__Task__
Drop every picture. Then return, exactly, the lines from the beginning of the listing below through the one containing "Granatowe tło z".

__Data extract__
___

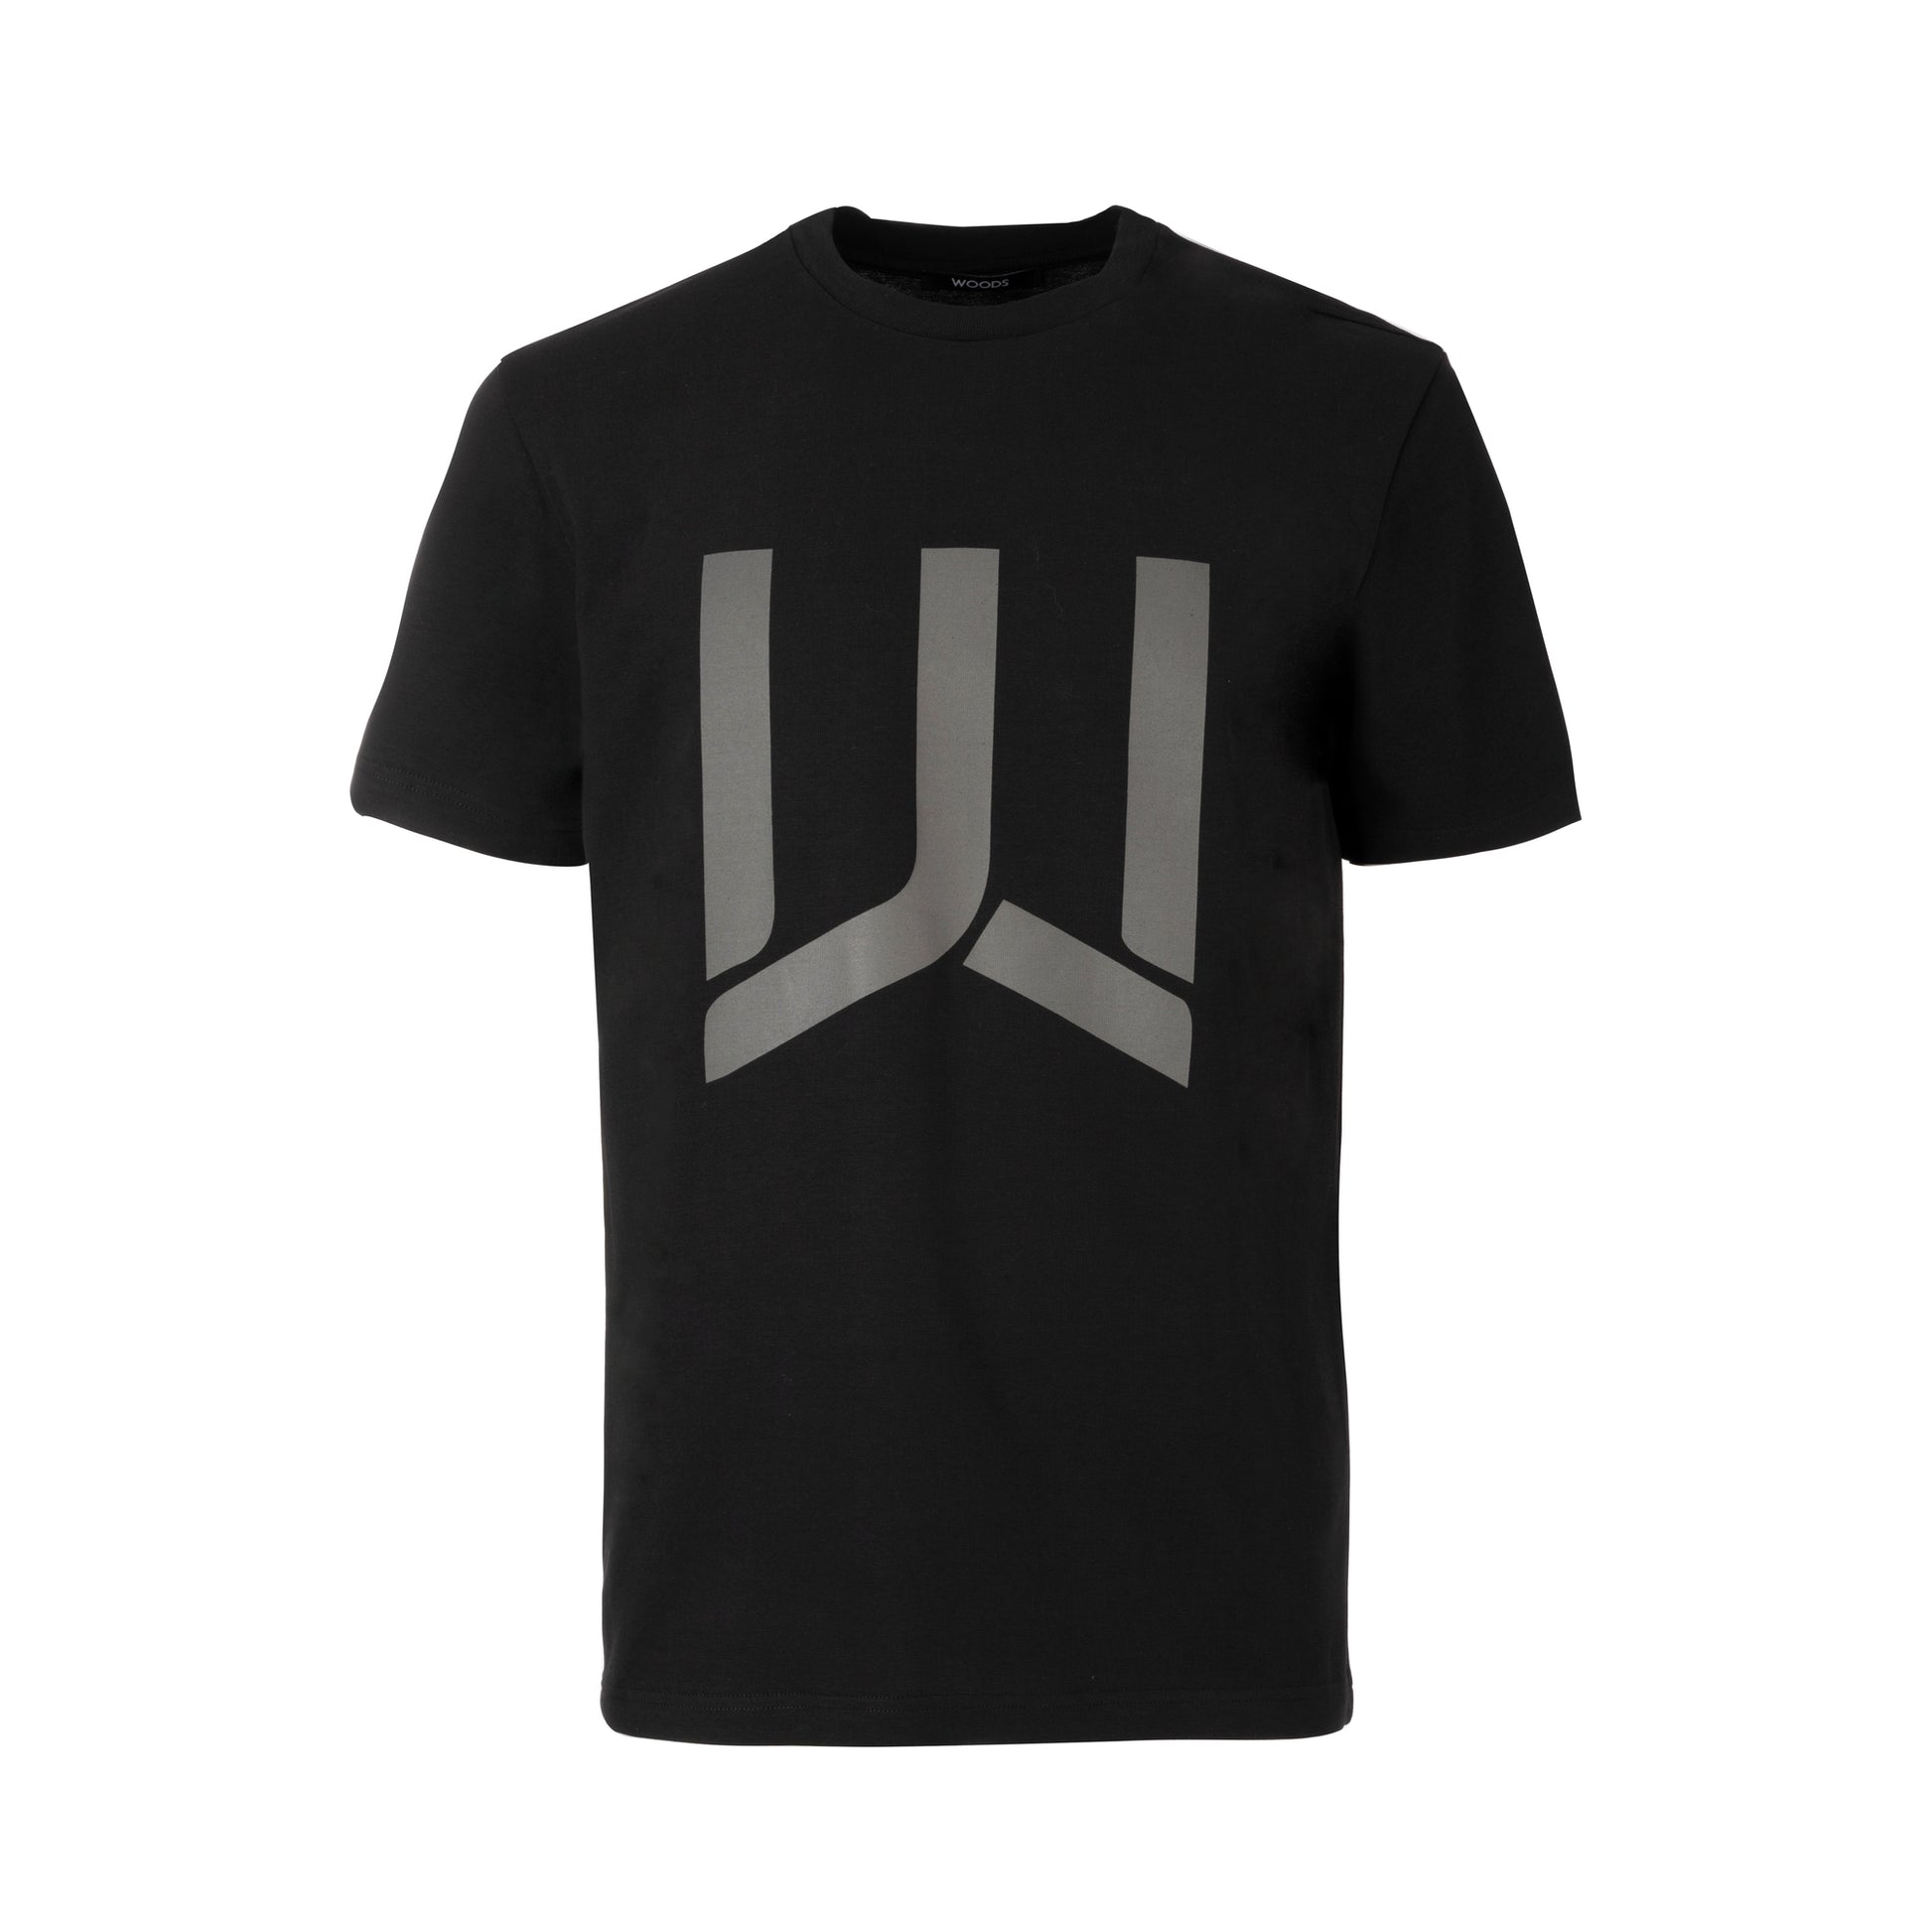 WOODS - T-shirt Big Logo - I migliori prodotti Made in Italy da Fiera di Monza Shop - Solo 49.90€! Acquista subito su Fiera di Monza Shop!
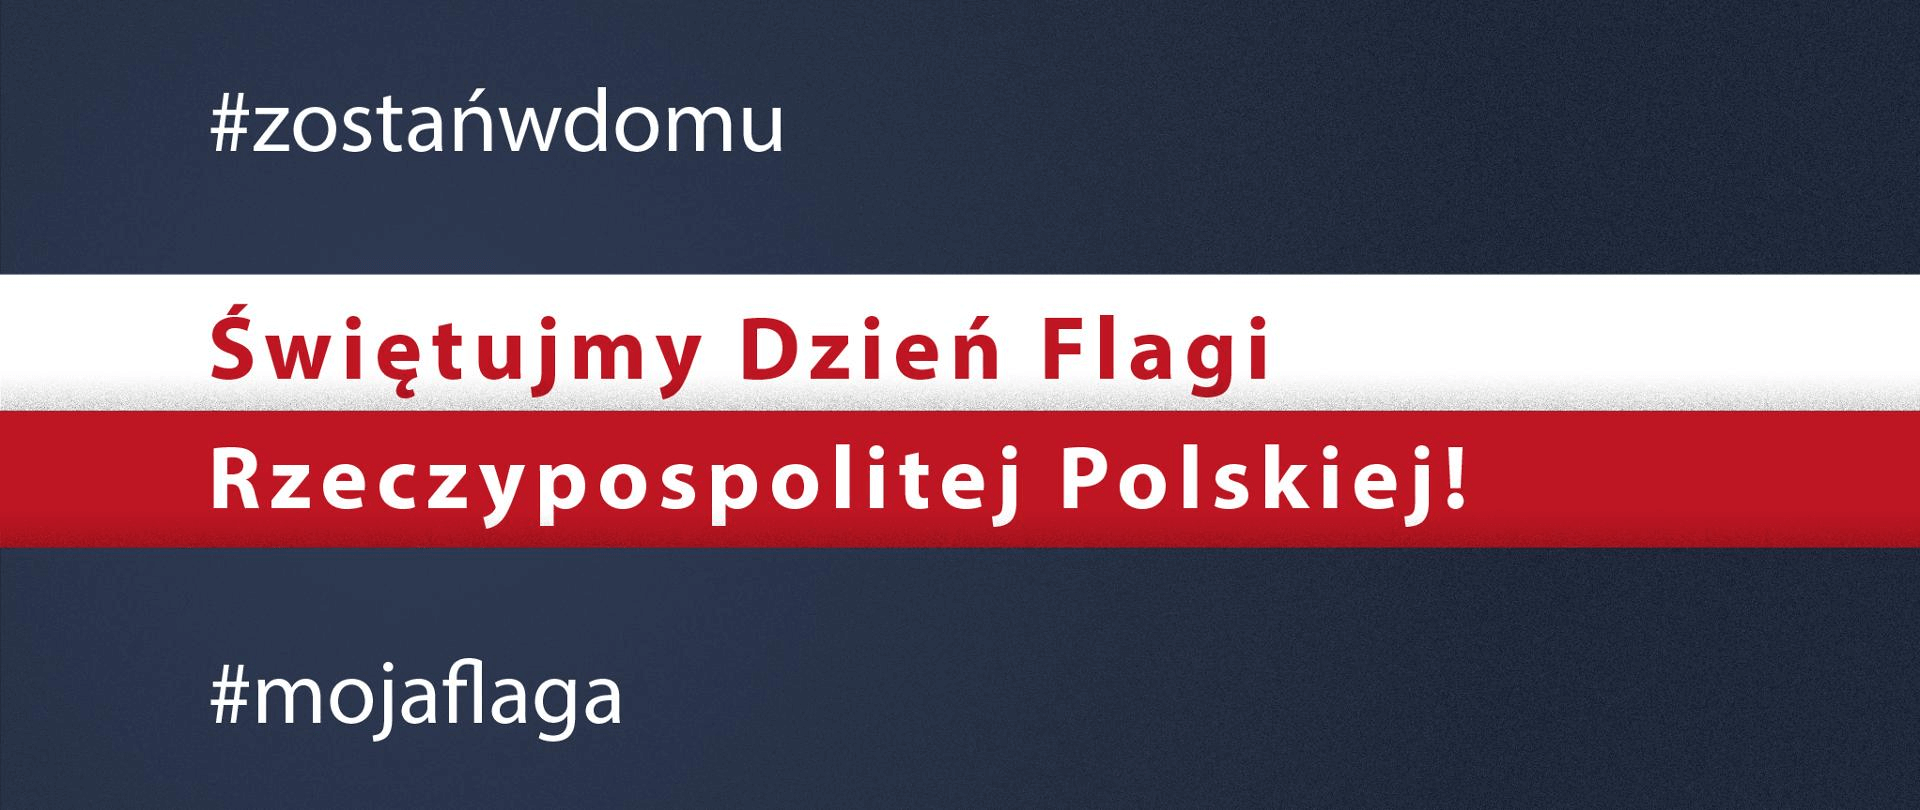 Granatowe tło z flagą Polski w poprzek. Na grafice tekst: #zostańwdomu Świętuj Dzień Flagi Rzeczypospolitej Polskiej! #mojaflaga"
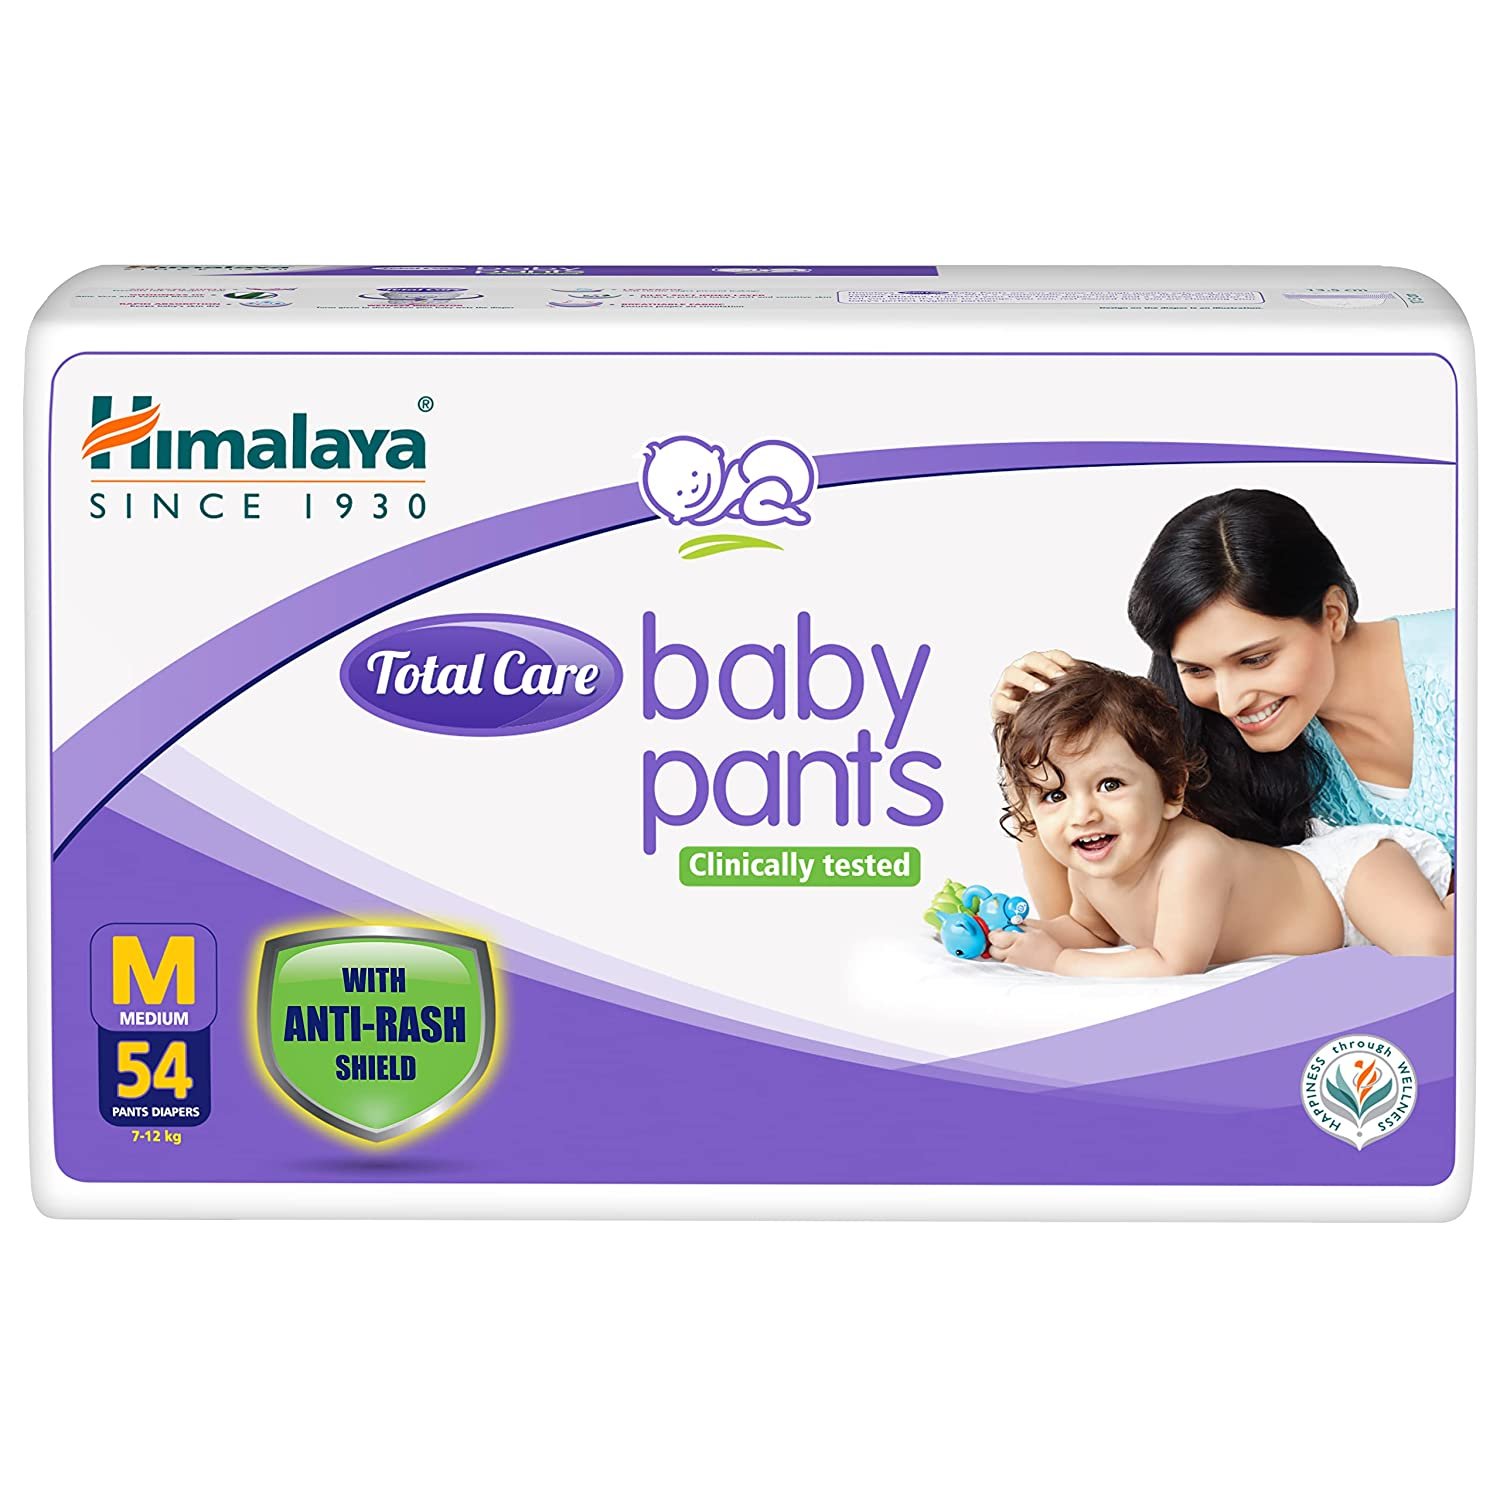 Himalaya Total Care Baby Pants Diapers, Medium (7 - 12 kg), 54 Count

___

__Result of this exercise__
 WOODS - T-shirt Big Logo - I migliori prodotti Made in Italy da Fiera di Monza Shop - Solo 49.90€! Acquista subito su Fiera di Monza Shop!
 Granatowe tło z flagą Polski w poprzek. Na grafice tekst: #zostańwdomu Świętuj Dzień Flagi Rzeczypospolitej Polskiej! #mojaflaga"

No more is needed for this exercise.